Biological formation of calcium carbonate, using purified urease enzyme or urease enzyme produced by a bacterium isolated from a Canadian oil field, were studied in a batch system. The extent of enzymatically produced CaCO3 increased with increases in enzyme and reactant concentrations and temperature. In the presence of bacteria the quantity of produced CaCO3 was dependent on urea concentration, with the highest achieved with 15 g/L urea. Bacterial production of CaCO3 was less sensitive to temperature. Plugging studies in unconsolidated porous media indicated that in situ formation of CaCO3 could lead to a significant decrease in permeability, with the extent of plugging being dependent on the concentration of enzyme and reactants, as well as temperature.

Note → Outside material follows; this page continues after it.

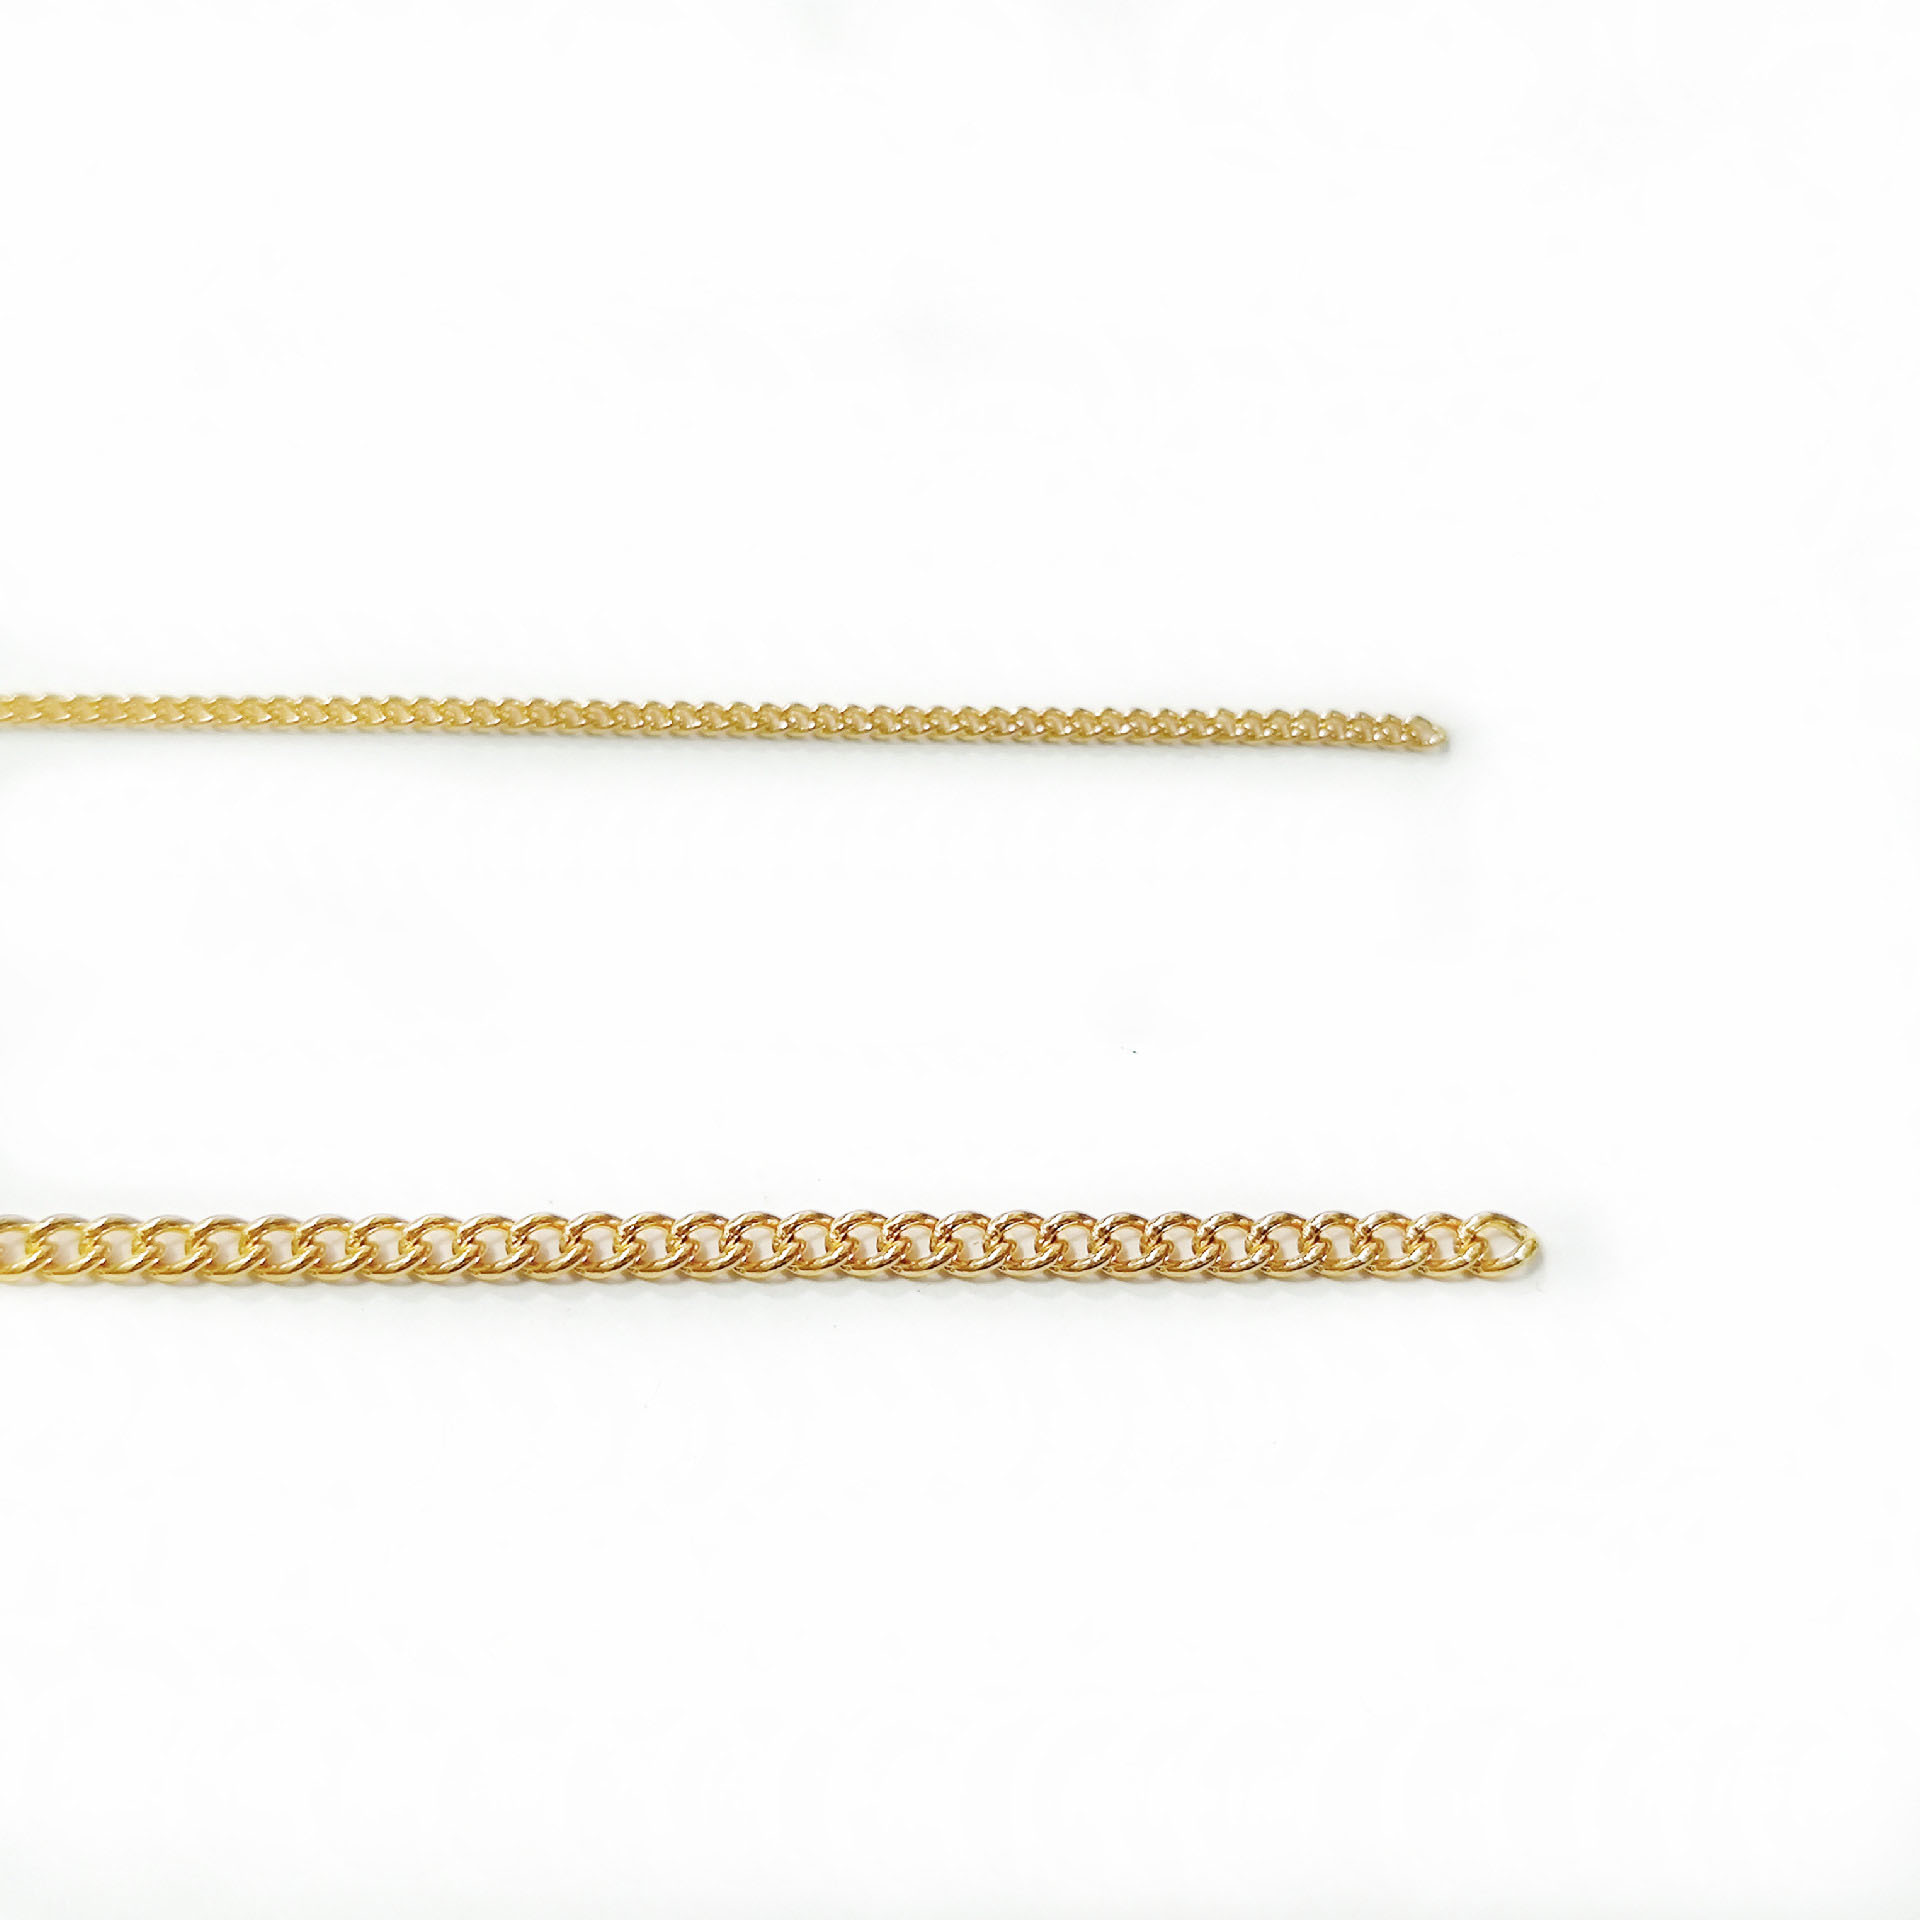 8:0.5 line*chain width 2.0mm gold

The injection of water into oil reservoirs (water flooding) is common for enhancement of oil recovery. When water is injected into a reservoir, flow is preferentially diverted into high permeability zones from which oil has already been recovered during the primary production. Increased permeability variation decreases volumetric sweep efficiency of injected water and cross flow complicates this problem by allowing flow between contrasting layers, leading to an unacceptably high ratio of produced water to oil (1). The excessive production of water can be controlled by selective plugging of high permeability areas in the reservoir. Selective plugging of the reservoir by bacterial biomass, or insoluble biopolymers produced by microorganisms has been suggested as a means to improve microscopic and volumetric sweep efficiencies within the geological formation(2–4). Recently, the use of bacterially precipitated inorganic compounds such as calcium carbonate and silica has been suggested as an effective method for selective plugging of reservoirs(2). The controlled biological formation of CaCO3 is based on the decomposition of urea to carbonate and ammonium ions by the catalytic action of urease enzyme, either introduced into the system or produced in situ by a bacterium with urease activity, and the reaction of the produced carbonate ion with calcium chloride. In the present work enzymatic and bacterial formation of calcium carbonate were studied, using urease enzyme and a bacterium isolated from a Canadian oil field. The results of plugging tests, using enzymatically formed calcium carbonate, in unconsolidated porous media system are described.
The efficiency of enzymatically formed calcium carbonate in plugging of porous media was studied in a model core system. This was a modification of the system used by Ferris et al.(2), for mineral plugging studies. A schematic diagram of the system used in the present study, allowing testing of three different reaction conditions simultaneously, is shown in Figure 1. Glass columns (ID 2.5 cm and H 30 cm), packed with a mixture of sand (Dave 225 micron) and glass beads (Dave 75 micron), were used as model cores. A glass tube (ID 0.5 cm and H 55 cm) with overflow open to the atmosphere was devised in the liquid pathway to create a constant head pressure. Before initiating the plugging experiment, the designated column was connected to the peristaltic pump and distilled water was pumped into the column at a specified rotation speed of the pump.